Death will be no more;
mourning and crying and pain will be no more,
for the first things have passed away.’”

And it is that hope that is also witnessed in the extraordinary reading of the raising of Lazarus.  What are we to make of death?

If I can pause for a second time; I have a been a preacher for more than twenty 25 years. It might be to do with my age (ha) but I think sermons about life and death have gotten more prescient these last few years. This is not just a commentary about covid although the actual death toll from covid worldwide is according to the economist magazine far higher than that which gov say, but it is comment about simply the destruction of our habitats, our world, the threat from climate change has made us all realize that this life is quite precarious. Our trust in mother nature and in ourselves is somewhat shortened.
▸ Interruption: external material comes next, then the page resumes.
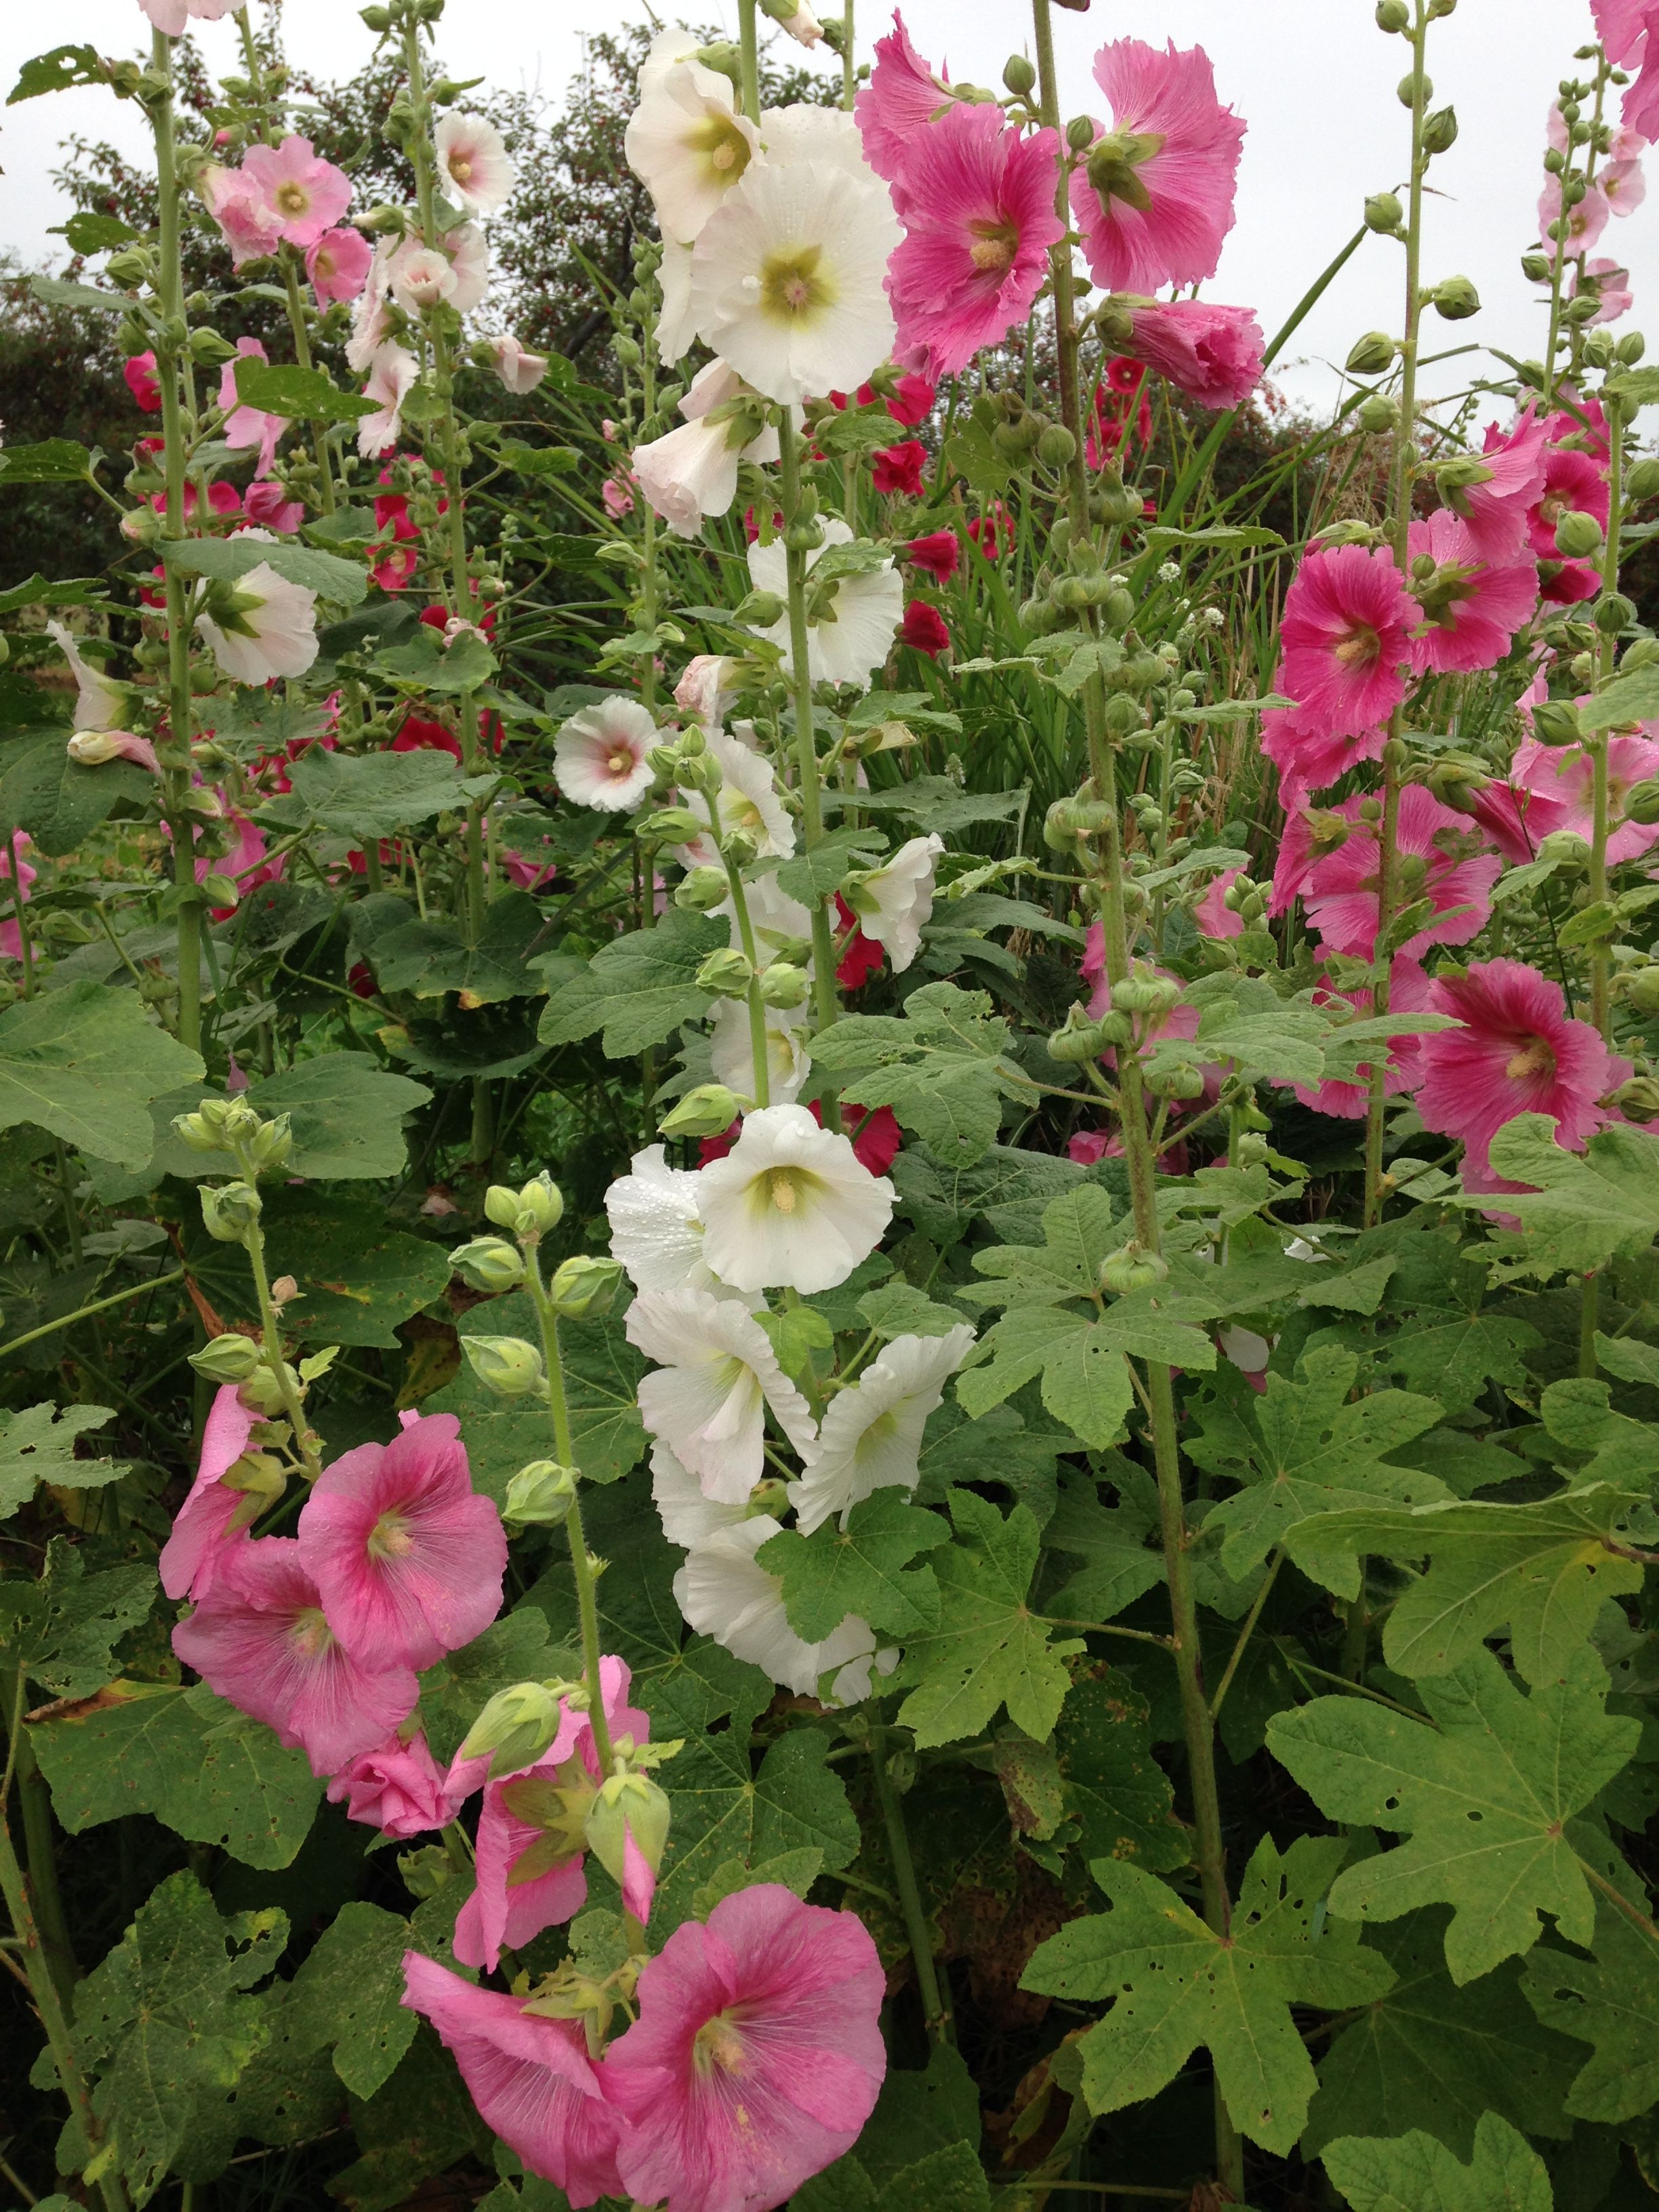 Pin by Robbin Bustance on Hollyhocks Hollyhock, Plants

But I also think there is another theme about culture, which is why I started talking about grinning skulls, our very culture seems more fragile or thin at this time. The trump years might, just might be in the past, but it is not as if the global political world has settled, we are more unsettled in some ways then even after 9/11. For back then you did not have superpowers facing off as we do with China and the USA.
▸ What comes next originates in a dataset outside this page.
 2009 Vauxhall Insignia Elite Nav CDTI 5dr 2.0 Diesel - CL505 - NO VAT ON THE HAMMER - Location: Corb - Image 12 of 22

So thinking what the message we have received through the ages is all the more timely. Put simply, is our attraction to Halloween, decorated skulls and just as recently zombie movies,

Is this just all a Rage, rage against the dying of the light.

We do I believe see something else with the story of Lazarus. This is not a resurrection story as Lazarus goes on to live a fruitful life, by tradition he flees Judea to head to Cyprus to be appointed Bishop; Bishop Lazarus. There in Larnaca you can still find the Church of St Lazarus where reputedly he was buried  some 30 years after his first burial.

What are we to see in this story, what are we to make of the celebration of All Saints which the rubric for one of the prayer book says:

“While many people think of the saints as examples of “virtuous and godly living”, this hardly does justice to the biblical insight that in our pilgrimage through this world,” we are surrounded by so great a cloud of witnesses”. Sanctity is not so much about hero worship as about accessibility; the saints are the real men and women of every age in whose lives we can glimpse heaven in our midst.” [i]

The story of Lazarus, the tradition of the Saints, the deep testimony of both the bible and tradition is all about facing death without anxiety or fear with frenzy or rage.

The age we live in has at times been called the age of anger and before that by WH Auden called it the age of anxiety. We are in a world fearful of the future and of death. The Christian hope is that all shall be well and that hope for the future has a deep consequence for our lives here and now, that we have the chance to be truly alive. That phrase that I opened up this sermon with “I see dead people” rings out a truth in our secular world, a world where even those alive at times seem to be dead to some of the possibilities that are before them. Zombie as a real possibility.

Many years ago, Christian Aid, a British Aid Charity, had a tag line which they used to plaster all over the place. It simply read “I believe in life before Death” The Saints and St Lazarus would, I say, agree. It is the best preparation for what lies beyond.